If you're going to have an external system, you want one which is accessible for people.
And you want one which supports the consumer. You want it to be fair. You want it to be
effective. You want it to give appropriate redress. Needs to be independent of the industry
and it needs to be accountable for its actions. And I'm not actually going to stand up here
and pretend that the UK system is a marvellous model which should be adopted, because it
clearly isn't. Although UK telecoms companies are obliged to sign up to an external complaint
handler, the legislation is drafted on the basis of the - frankly, rather dumb idea - that
it would be a good idea to have competition in complaints handling systems! LAUGHTER So
we have the Office of Telecommunications Ombudsman, or TELO, and we have the Communication and
Internet Services Arbitration scheme or CISA. And the industry is slit between the two.

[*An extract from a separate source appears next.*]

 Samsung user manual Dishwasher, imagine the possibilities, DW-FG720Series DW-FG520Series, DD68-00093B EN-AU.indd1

I think TELO have more in terms of numbers. But one of the consequences of this, of course,
is that people go to the wrong scheme, and if you look at both the reports of both of
the schemes, there's a steady and significant group of consumers who have ended up at the
wrong place and have to be referred to the other one. Whether they get there, we don't
know. There is also a problem in relation to the U K schemes about awareness, because
the level of awareness of both OTELO and CISA is quite low. No more than 10% of the consumer
survey has any spontaneous awareness of the bodies. So there's a problem there. In terms
of consumer support and fairness, these schemes do reasonably well. They're helpful. They're
clearly objective. And like the TIO, they can provide appropriate redress. They can
provide compensation to consumers, albeit on modest levels. In terms of effectiveness,
there are some issues here, in particular in the UK, there isn't an equivalent to the
mechanism that the TIO has for systemic complaints for OTELO or CISA. Although they do talk about
important general issues, but there's no mechanism for feeding them into the regulator. Within
the financial services area that's developed this much better - it where there's a much
more formal relationship between the financial ombudsman service and the regulator there.

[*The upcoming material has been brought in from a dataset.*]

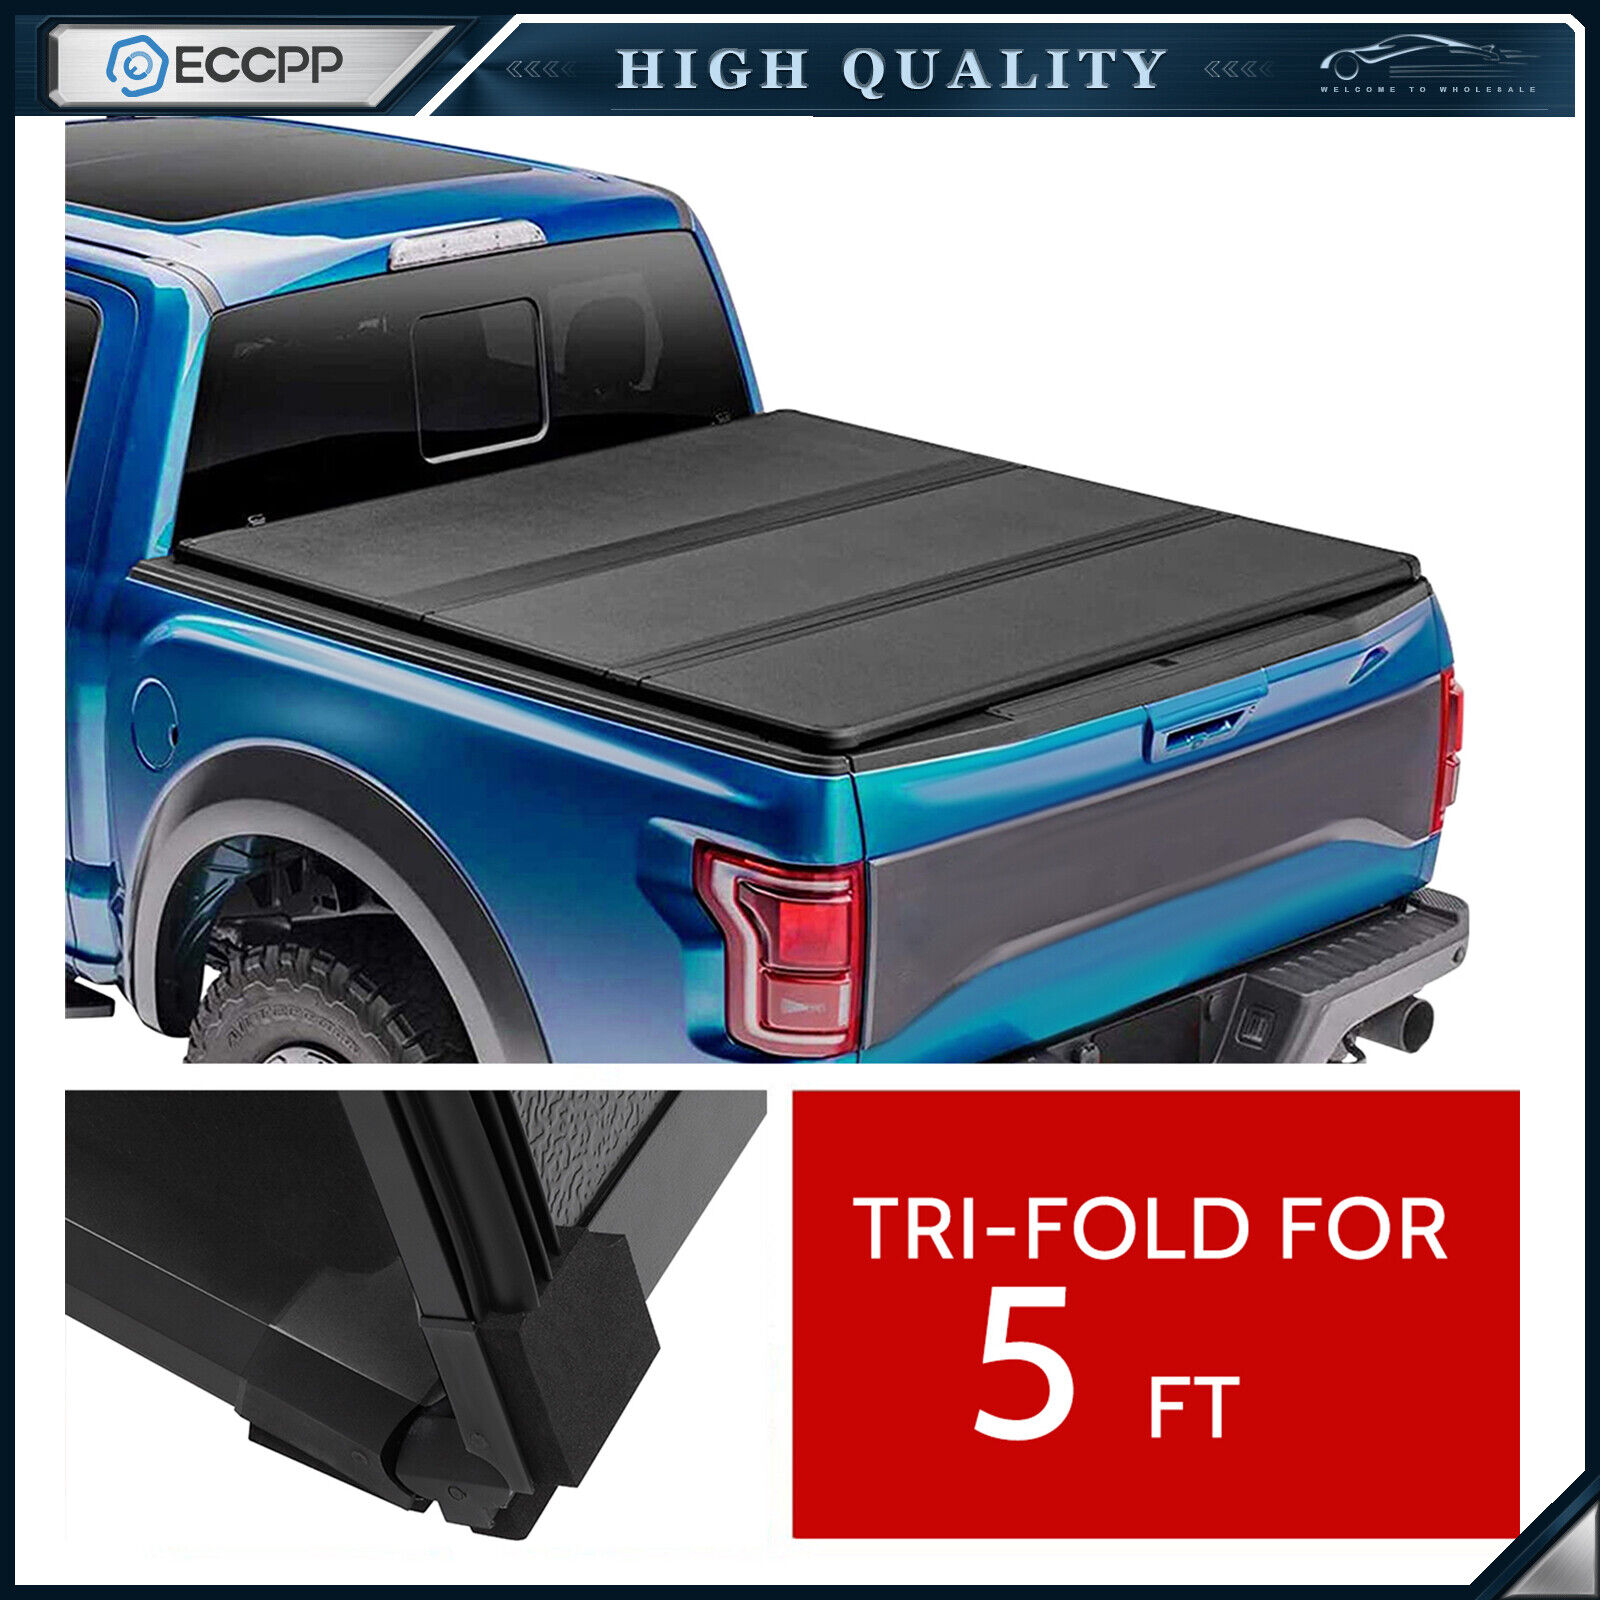 ECCPP Hard 3-Fold 5ft Bed Tonneau Cover For 04-13 Colorado/Canyon Cover

Currently the financial services authority, but this will change, whereby complaints which
raise important matters of principle can be taken up by the regulator. What struck me,
looking at the TIO's report, is that there's quite a lot of investigations of systemic
issues in TIO, reported by the TIO. And rather more than I thought there would be. It's not
clear that having investigated and identified the systemic issue, this seems to be necessarily
have been cleared up. So that's really a question that I've got. In terms of independence, I
think all the schemes clearly are independent of the industry, in terms of accountability,
I think again the UK schemes aren't quite as good as TIO because we don't have, in the
UK, the level of publicity about complaints relating to individual companies. We don't
get disaggregated data about how companies are doing. It's clear that some companies
are better at complaint handling than others, but we don't know who they are. And although
the data here in Australia is, I think, relatively simple. It's the first step on the way to
seeing who is better and who is worse at complaint handling. So that's the sort of principles.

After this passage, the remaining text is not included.